Santa Barbara County is fortunate to retain a significant, though reduced, distribution of the oak habitats that once blanketed the Central Coast.
Oak habitats contribute greatly to the ecological diversity of California. In terms of species diversity, California’s native oak woodlands provide habitat for approximately 2,000 species of plants, 170 birds, 100 mammals (approximately one-third of all mammals native to California), 60 amphibians and reptiles, and 5,000 species of insects (University of California 1993 and 1996).
These species include eagles, owls, hawks, reptiles, bobcats, foxes, deer, and 300 or more other vertebrate species that depend on oak habitats during their breeding seasons.
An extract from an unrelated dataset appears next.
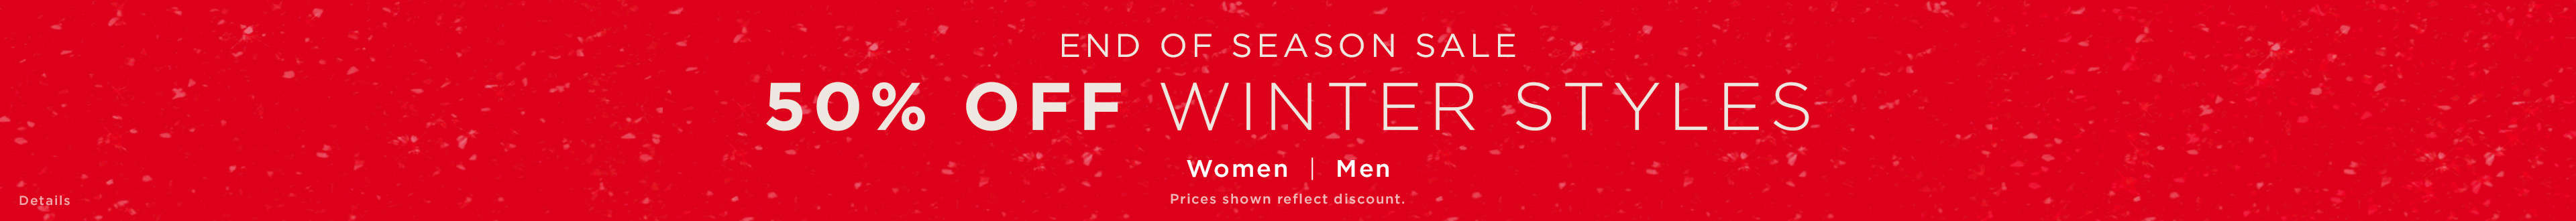 50% off winter styles

In terms of ecological function, intact oak habitats stabilize the soil on which they occur, serving to help prevent the erosion of topsoil and protect water quality.
Oak trees also provide shade, influencing the temperature and growth conditions for understory species. The community of oak-associated plants, vertebrates, invertebrates, and soil microbes varies from site to site, in response to site-specific conditions and the extent of influence by the dominant oaks.
Within these communities, structural complexity is enhanced by the presence of riparian areas, downed and woody debris, snags, and diverse ages and conditions in oaks and other plants (Merrick et al. 1999).
California’s oaks are also important for their aesthetic, economic, historical, and cultural values. Oak trees and their habitats are woven into California and Santa Barbara County’s cultural heritage, beginning with the indigenous peoples that utilized oak tree products and valued the oak woodlands in their cultural traditions.
After European settlement in California, oak habitats have continued to be an enduring symbol of the state’s rich ranching tradition, and to be valued economically and aesthetically.
The presence of oak trees on a property can increase the property’s value by 20% or more (University of California 1993).
They are one of the county’s and the state’s most widely recognized and admired visual assets.
In both the urban and rural areas of Santa Barbara County, oak woodlands and large, individual oak trees contribute significantly to the scenic beauty for which the county is known.